• **Description of the task**: I'd like the full listing transcribed exactly, with no images included.

::: Given information :::

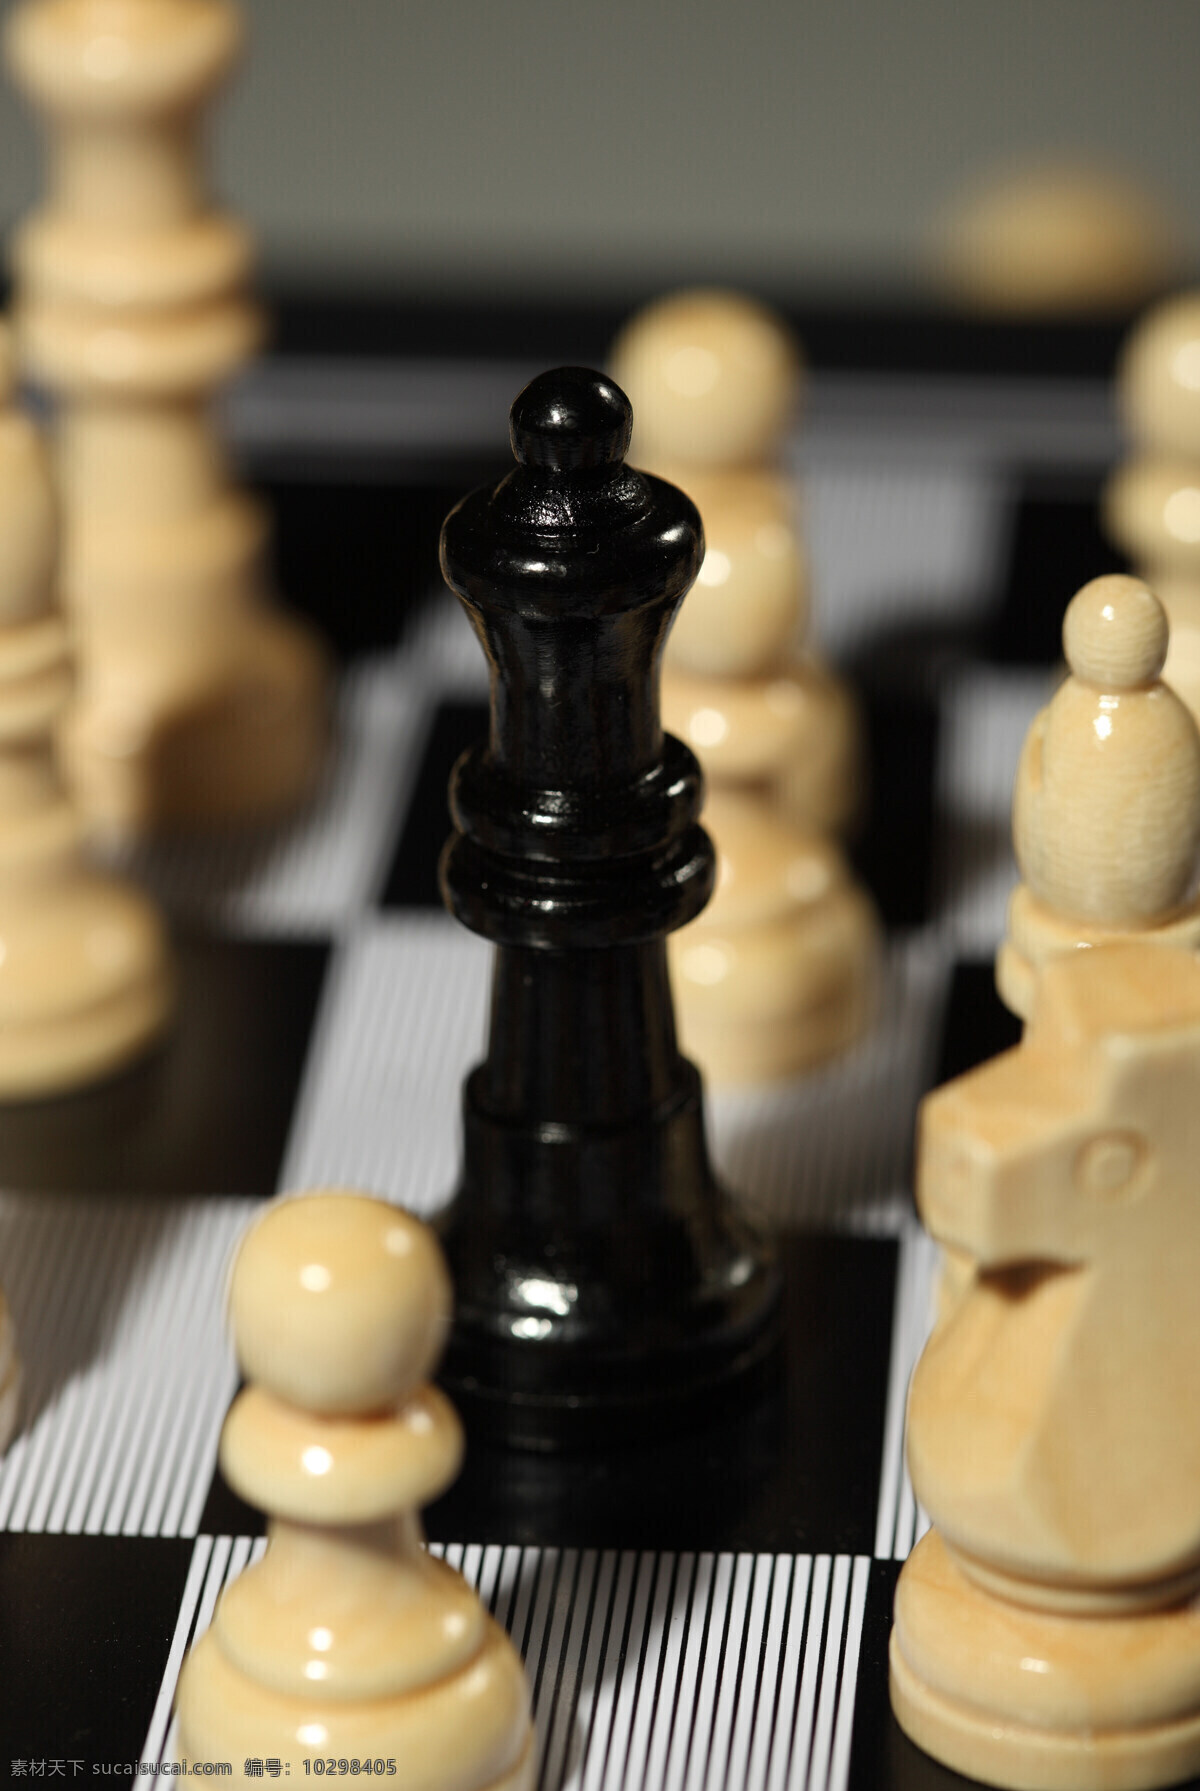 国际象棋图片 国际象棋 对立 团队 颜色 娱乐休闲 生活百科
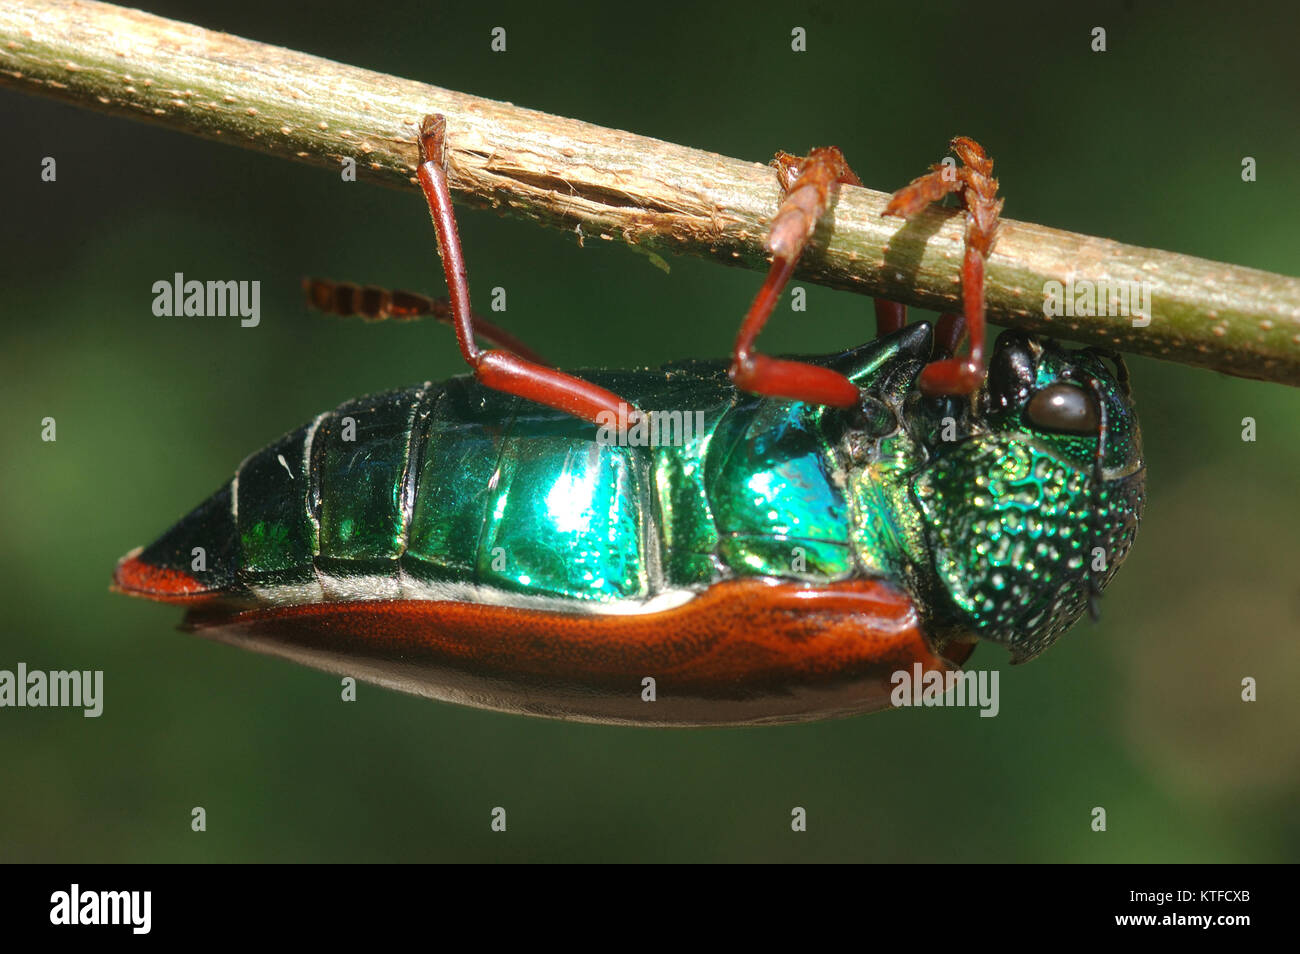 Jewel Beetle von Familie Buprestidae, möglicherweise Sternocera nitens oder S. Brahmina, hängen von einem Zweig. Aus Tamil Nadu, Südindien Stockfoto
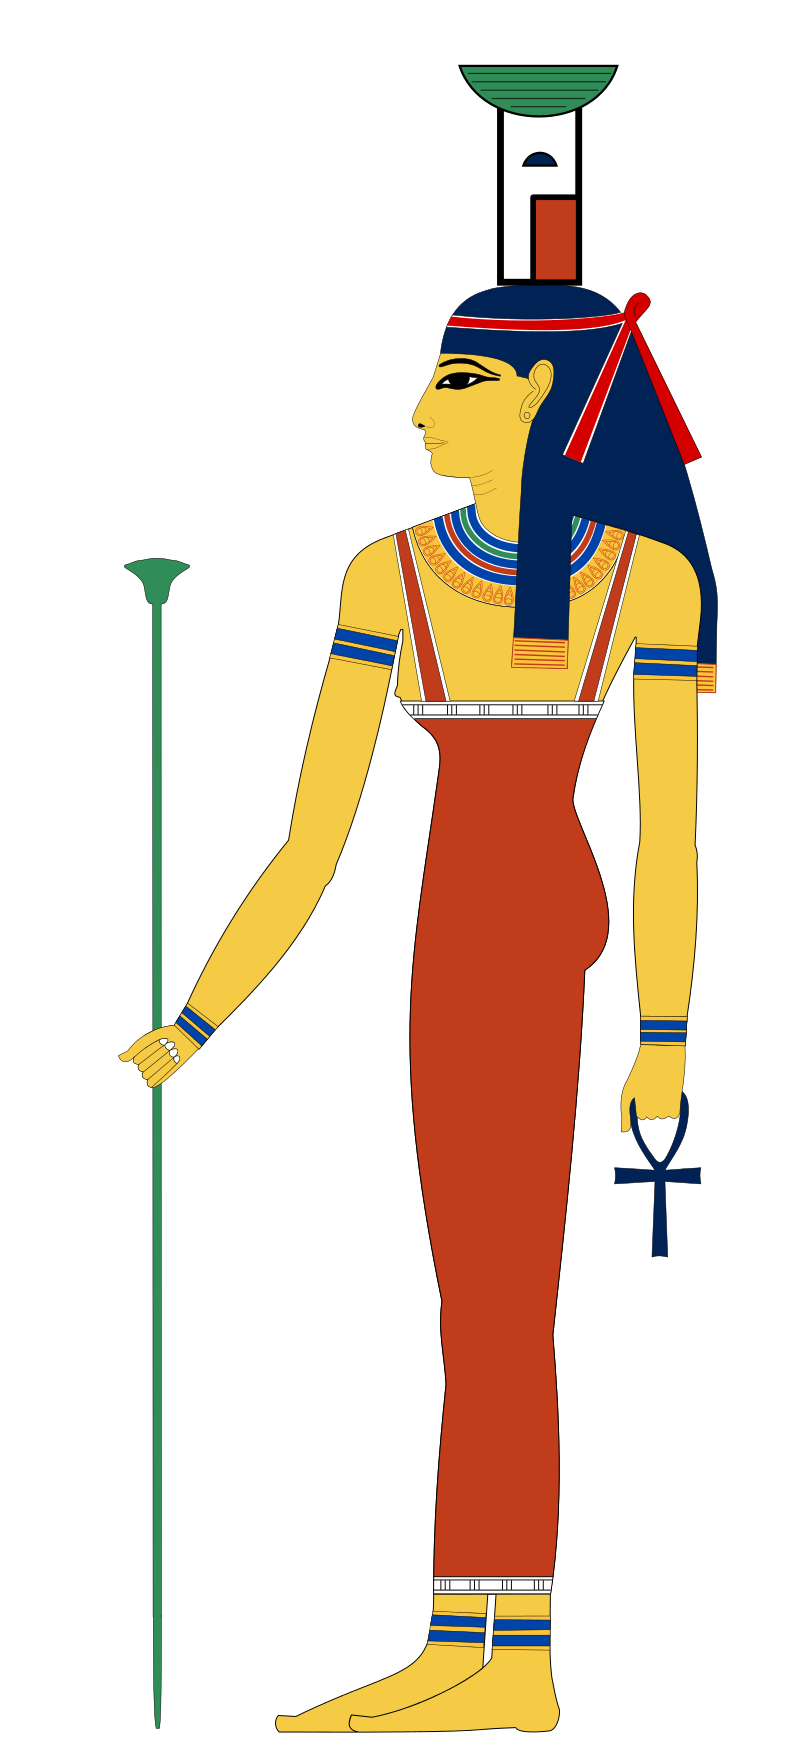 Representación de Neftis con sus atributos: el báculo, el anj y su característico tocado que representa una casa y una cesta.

:::

• **Answer space**:
 国际象棋图片 国际象棋 对立 团队 颜色 娱乐休闲 生活百科
 Jewel Beetle von Familie Buprestidae, möglicherweise Sternocera nitens oder S. Brahmina, hängen von einem Zweig. Aus Tamil Nadu, Südindien Stockfoto
 Representación de Neftis con sus atributos: el báculo, el anj y su característico tocado que representa una casa y una cesta.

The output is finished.